Non sempre i discorsi di carattere legale e giuridico rispettano e dichiarano la realtà. Ritengo però che da un punto di vista morale sia più importante “il reale” che ciò che afferma la legge, anche se per la società i titoli validi sono quelli legali.
Vengo ad un discorso concreto che riguarda il “don Vecchi 5”. Mercoledì prossimo (14 maggio 2014, NdR) sarà festosamente inaugurata la nuova struttura a favore degli anziani poveri in perdita di autonomia. Qualcuno ha chiesto di chi sia la proprietà del nuovo grande manufatto. La risposta, per la mia parte, è molto semplice, mentre da un’altra parte rimane più confusa per la differenza tra titoli di proprietà di tipo giuridico e quelli reali.

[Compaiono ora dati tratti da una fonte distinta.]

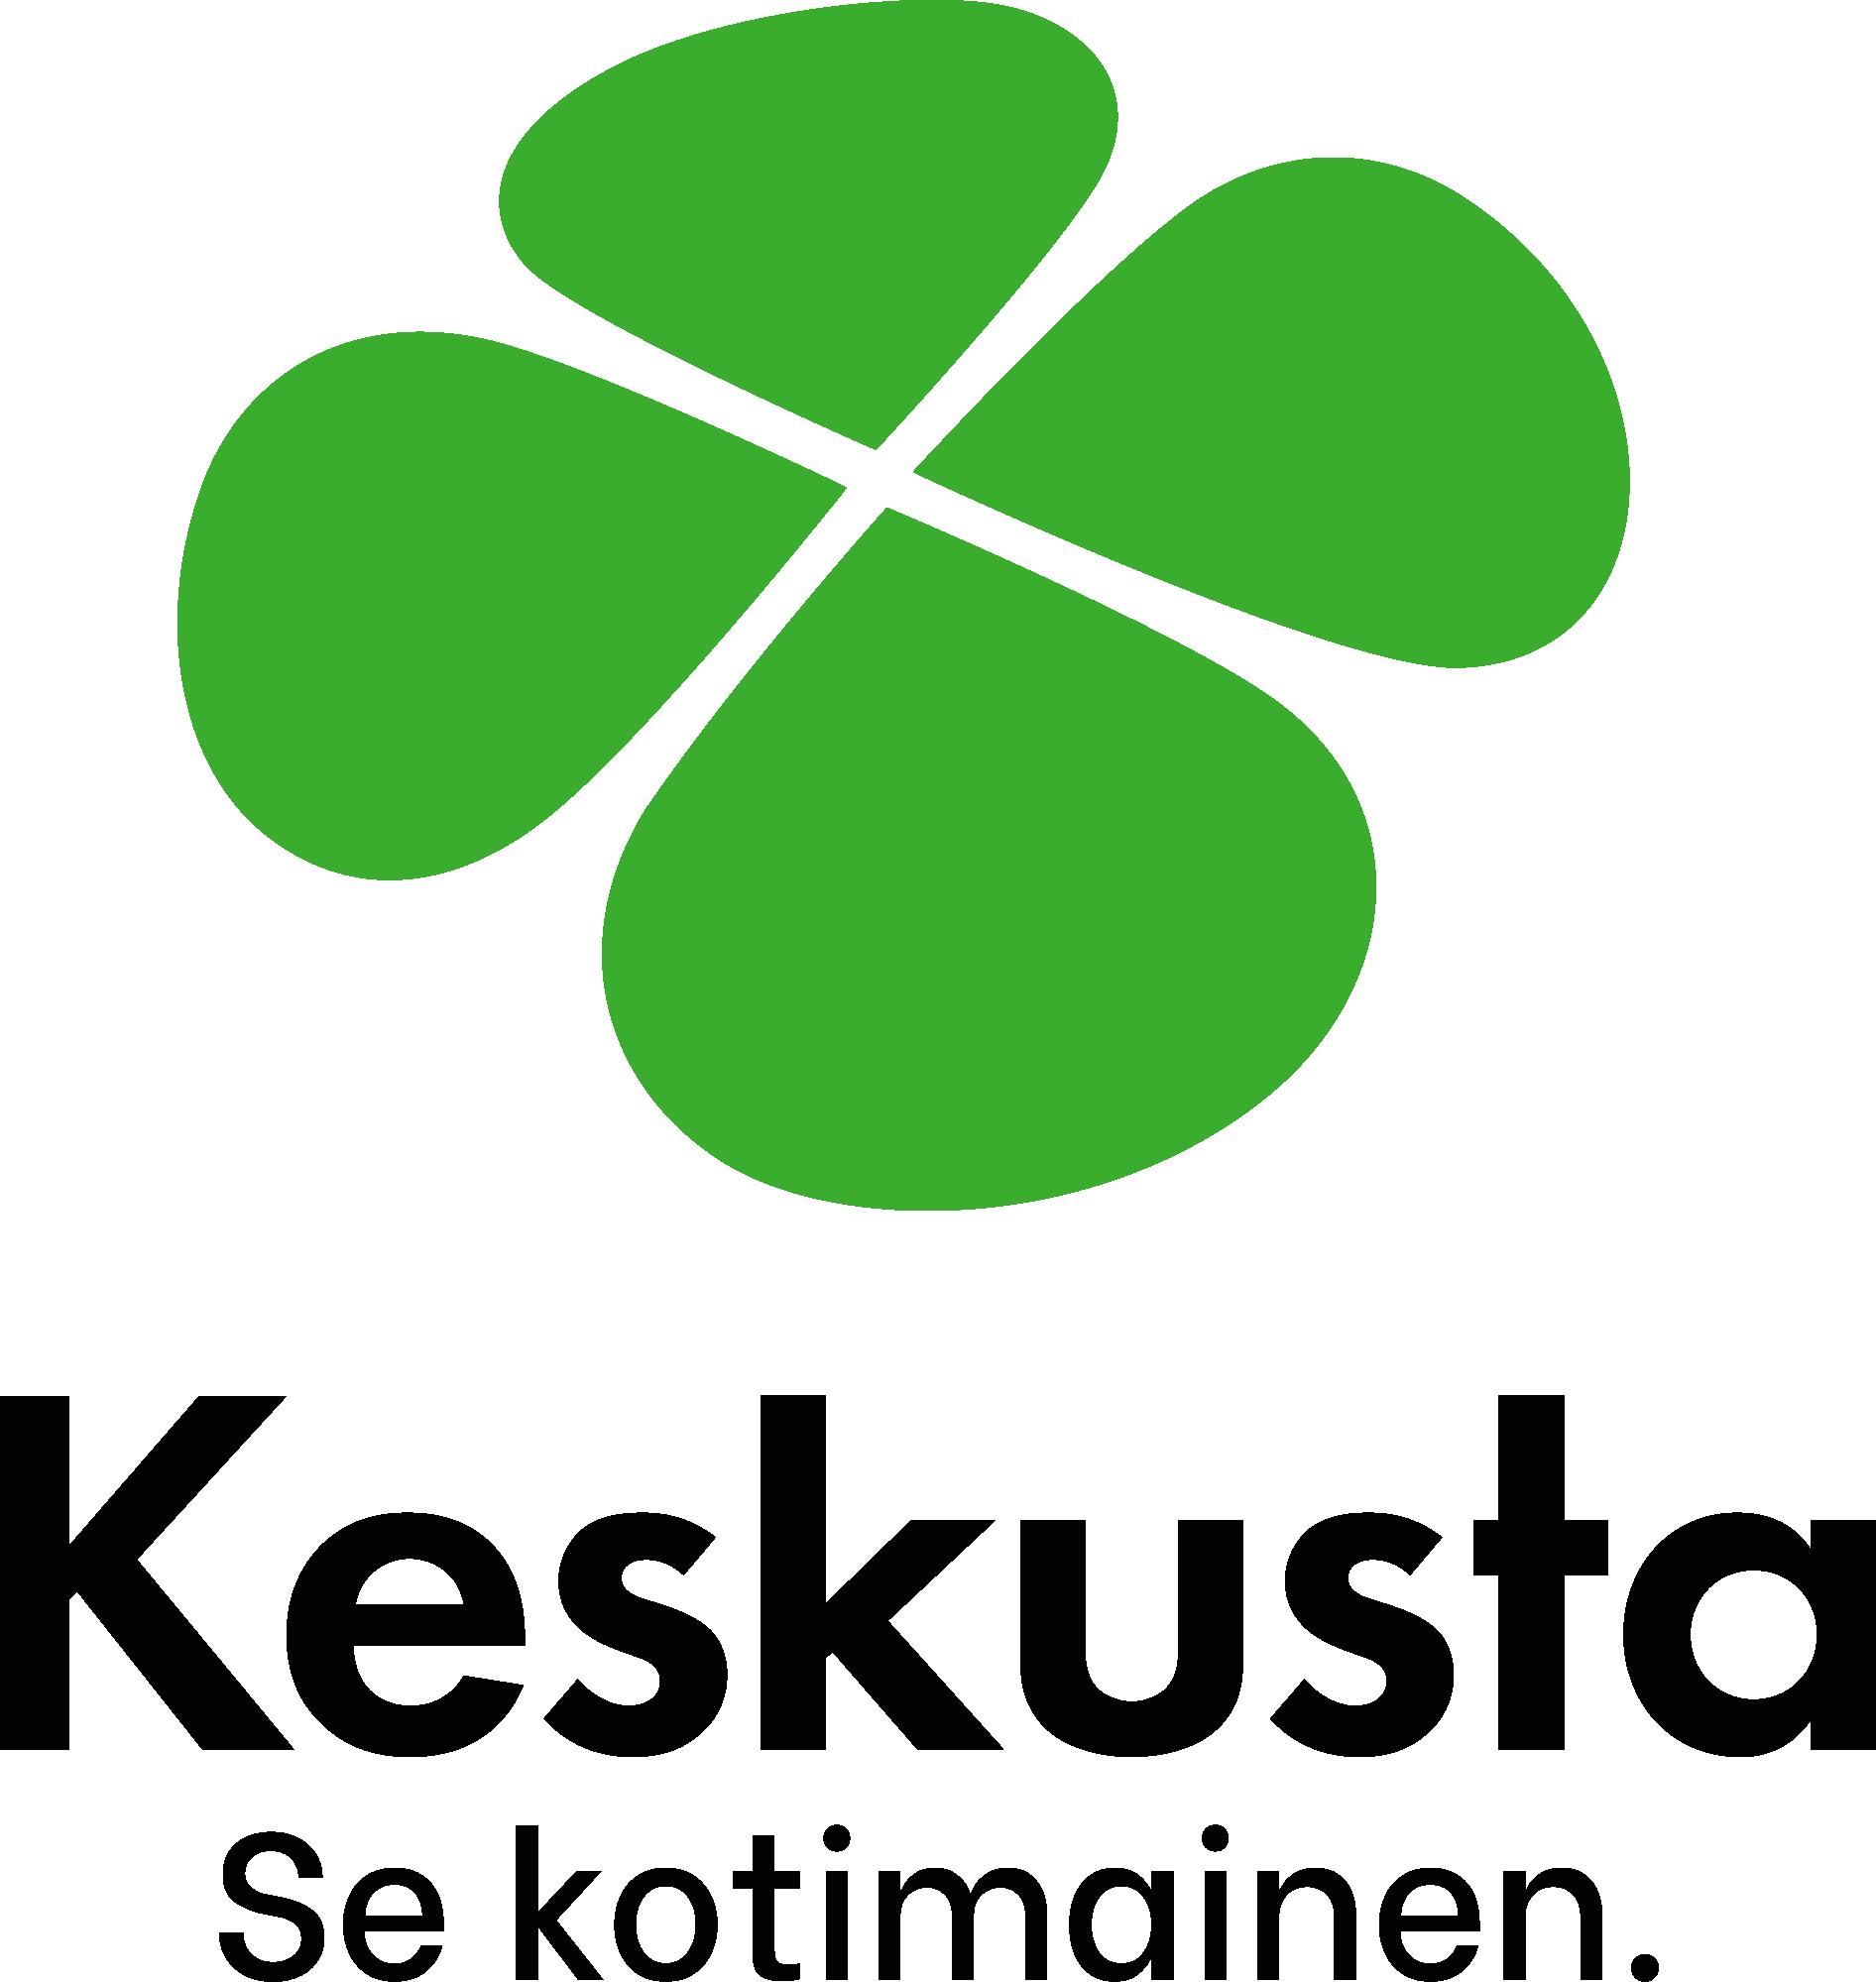 Suomen Keskusta r.p.

Sento il dovere di fare questa precisazione perché è tempo che i cittadini prendano coscienza dei loro diritti nei riguardi delle strutture di carattere pubblico e di quelle “appartenenti al “privato sociale”, ossia quelle realtà che operano in maniera disinteressata a favore della società.
Una parte del “don Vecchi” appartiene alla Regione, che ha fatto un prestito di duemilioniottocentomila euro, soldi che la Fondazione dovrà restituire fino all’ultimo centesimo mediante rate annuali.

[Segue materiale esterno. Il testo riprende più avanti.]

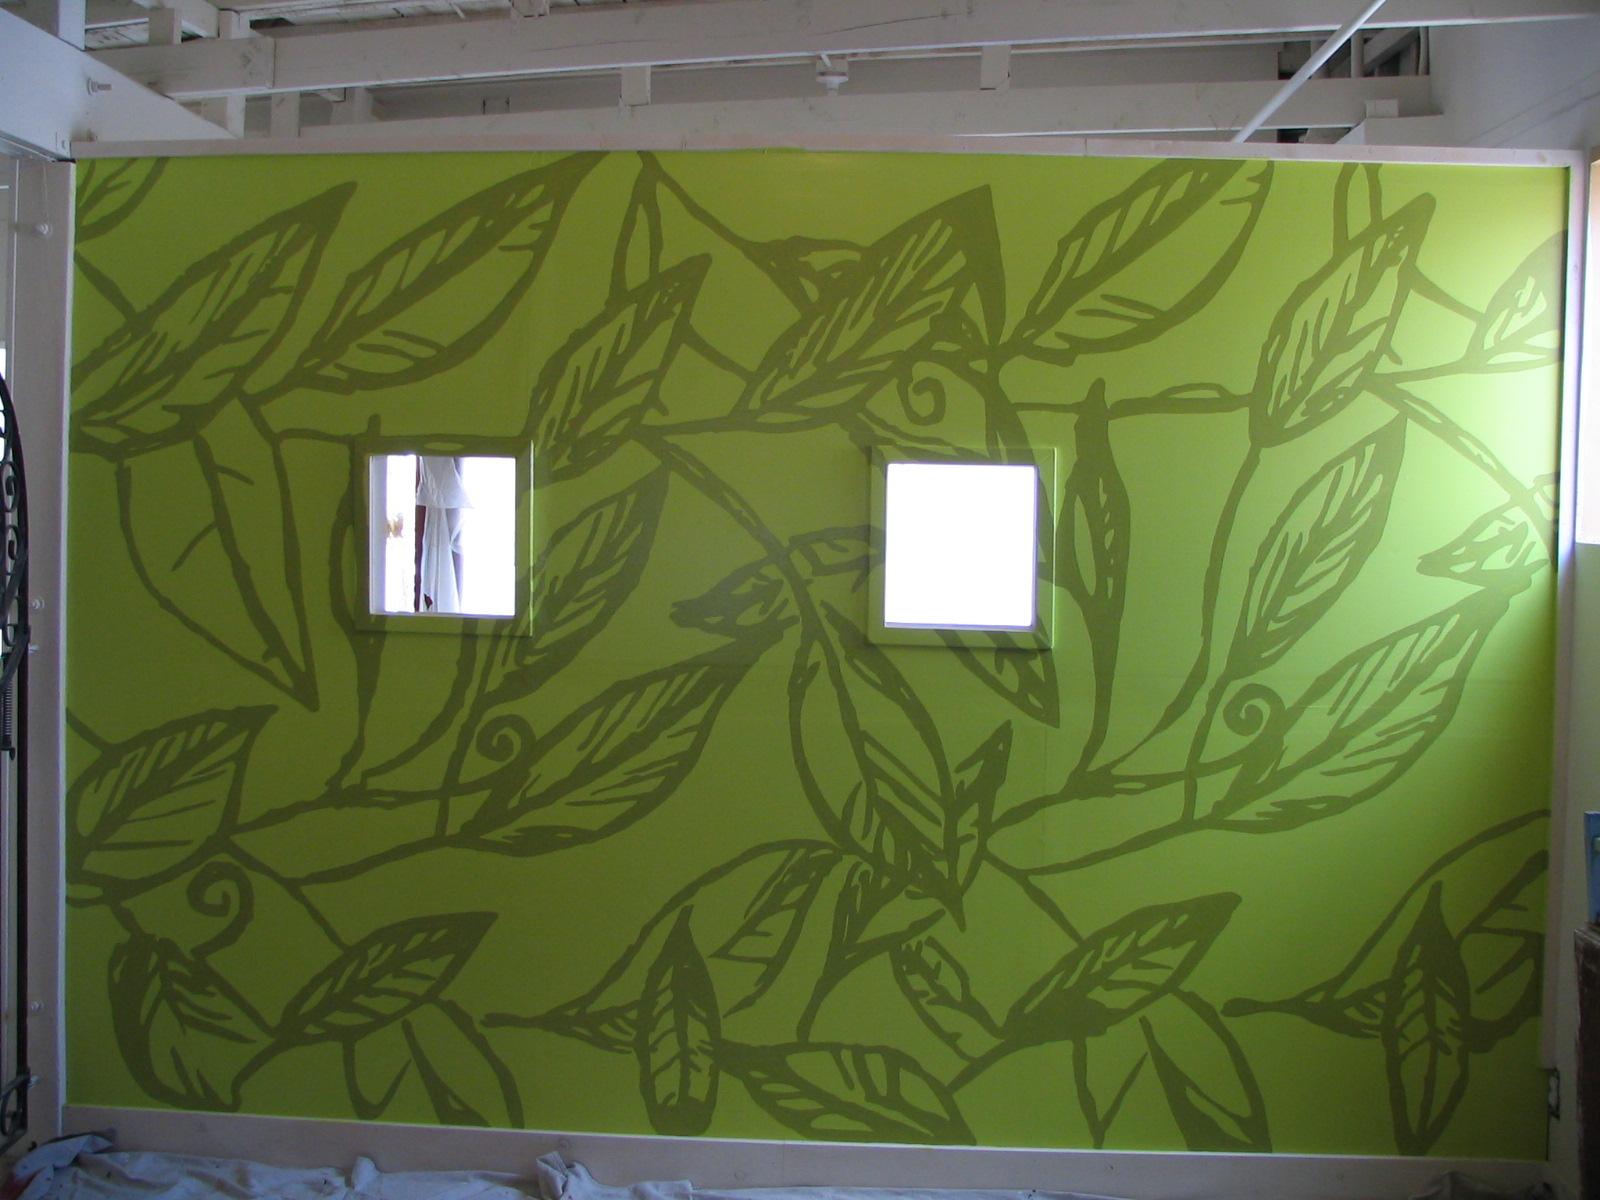 Handpainted Wall Graphic.

L’altra parte della proprietà, cioè l’altro milioneduecentomila euro è di proprietà “reale” dei cittadini che hanno sottoscritto una o più azioni di cinquanta euro ciascuna di che la Fondazione ne ha decretato la cessione per poter realizzare la nuova struttura…
Mercoledì, giorno dell’inaugurazione, la Fondazione consegnerà pure “certificati di deposito” di 100 azioni l’una a concittadini che hanno contribuito in maniera decisiva alla realizzazione del “don Vecchi 5”. Per qualcuno questo discorso potrà forse apparire come un espediente per raggranellare il denaro occorrente, in realtà sotto questa operazione c’è pure la filosofia che tende a far prendere coscienza alla città che le strutture di ordine sociale non sono fruibili a sola discrezione di chi ha il titolo legale di possesso, ma sono autentica proprietà dei cittadini sottoscrittori che con i loro contributi, piccoli o grandi, hanno reso possibile la realizzazione dell’opera. Ci sono dei cittadini che posseggono un’azione ed altri che ne posseggono perfino ottomila, avendo sborsato ben quattrocentomila euro.
L’operazione della cessione delle azioni non è quindi un espediente di ordine finanziario, ma di ordine culturale e sociale per far crescere la consapevolezza del diritto e dovere di essere partecipi a tutto quello che riguarda la comunità.